Table 6: individual case study outcomes in retirement for individuals born in 2002[footnote 12]
Individual Description | DC pot (2023 terms) | Annual Income | Replacement Rate | Target Replacement Rate | PLSA RLS Achieved |
---|---|---|---|---|---|
Median male earnings – Saving from 22, typical earnings profile and full work history | £165,000 | £24,000 | 64% (TRR not met) | 67% | Minimum |
Higher rate taxpayer – Saving from 22, typical earnings profile and full work history | £215,000 | £27,000 | 54% (TRR not met) | 60% | Minimum |
National Living Wage earner – Saving from 22, full work history | £85,000 | £20,000 | 89% (TRR met) | 70% | Minimum |
38. Under current policy circumstances, AE and State Pension provides the National Living Wage (NLW) earner with their target replacement rate for retirement and gets a median earner most of the way to their target.

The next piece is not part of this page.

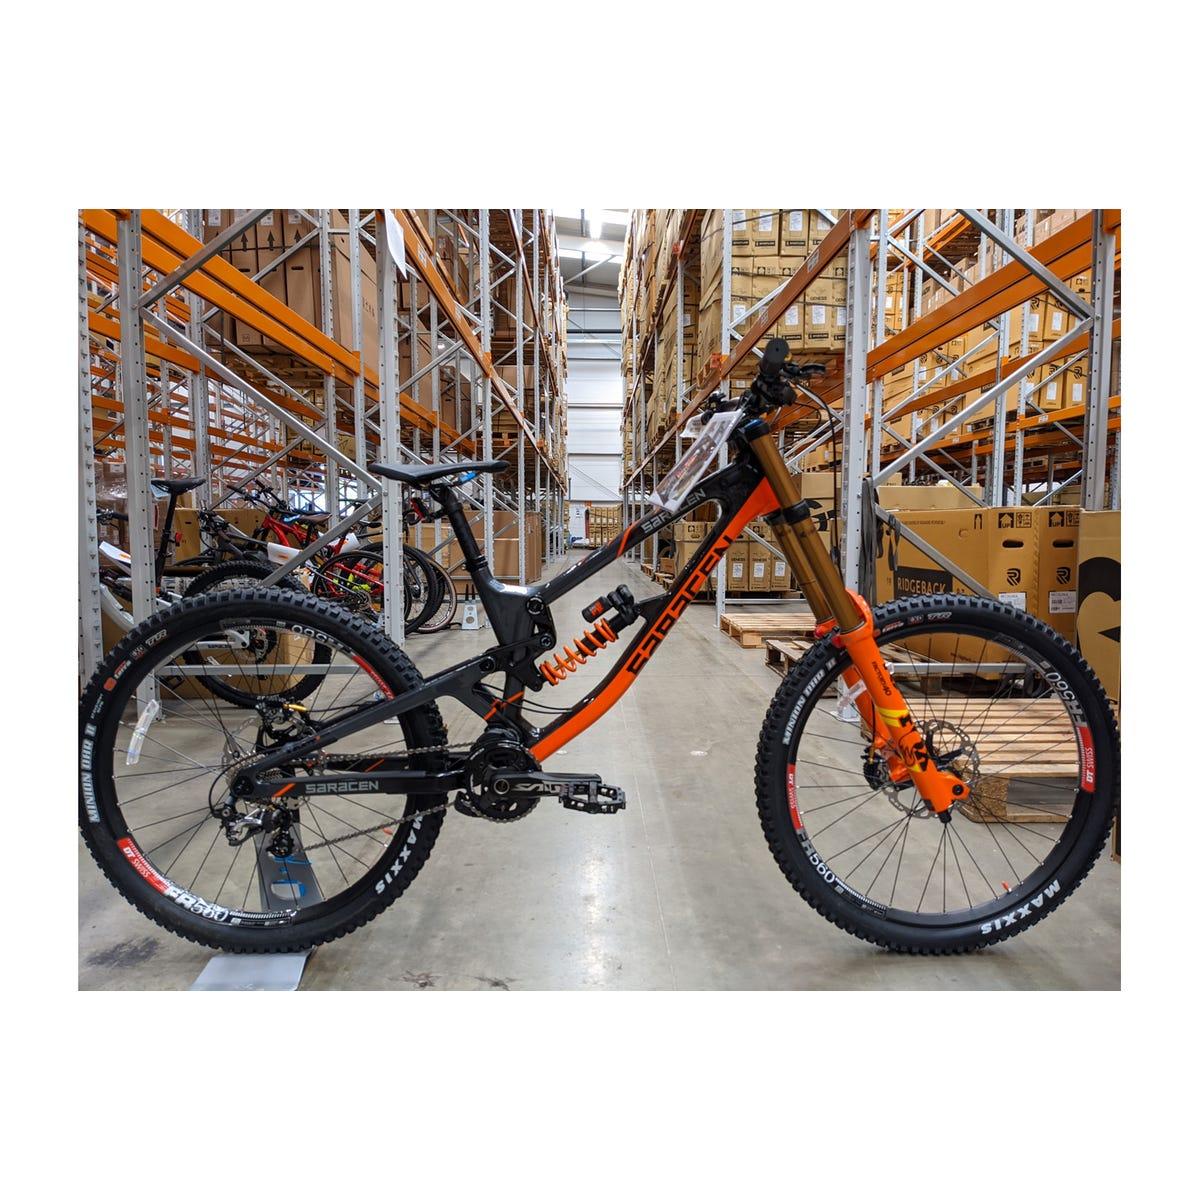 Saracen Myst Team Factory bike unused sample
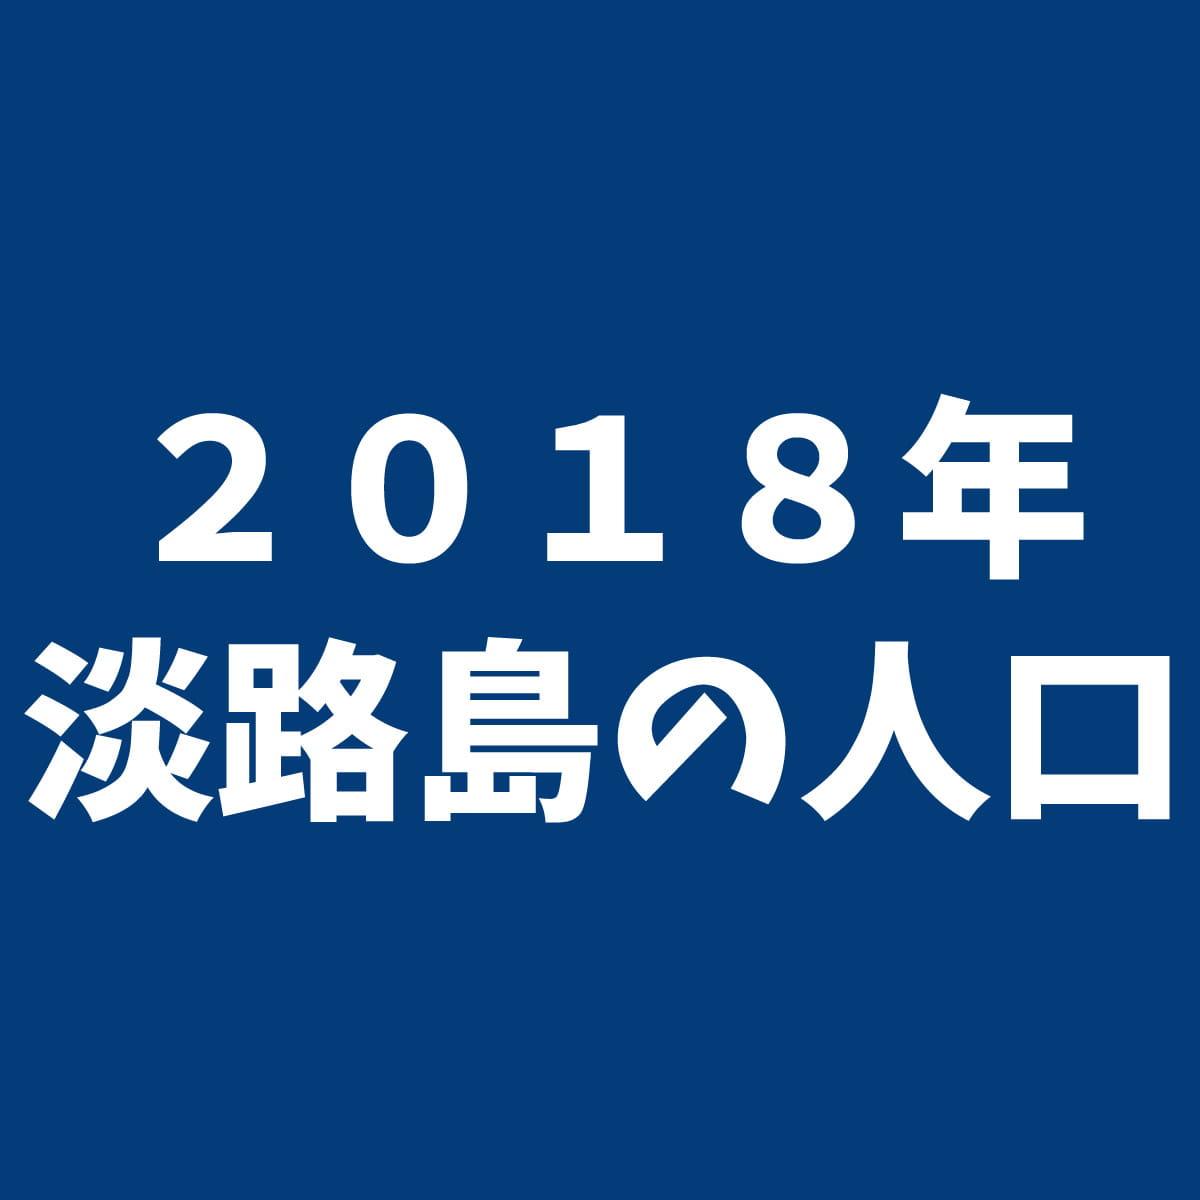 2018年の人口 淡路島

For the higher earners, the gap between income attained and their target income is larger. All case studies in table 6 reach the PLSA minimum RLS throughout their retirement, but none of them meet the moderate standard.
39. This assumes the individuals are saving at AE default levels (8% on qualifying earnings[footnote 13]pension for the entirety of their working life nor work up to their SPa. DWP’s survey Planning and Preparing for Later Life (PPLL)[footnote 14] finds that 2-in-5 of respondents expected to retire at 65 or younger, and the median ideal retirement age was 60. Table 7 illustrates how individual outcomes might look when they delay their pension saving, have time out of the labour market or retire earlier, at the Normal Minimum Pension Age (NMPA)[footnote 15].
Table 7: retirement outcomes for individuals who have delayed savings, career breaks or early retirement for individuals born in 2002[footnote 16]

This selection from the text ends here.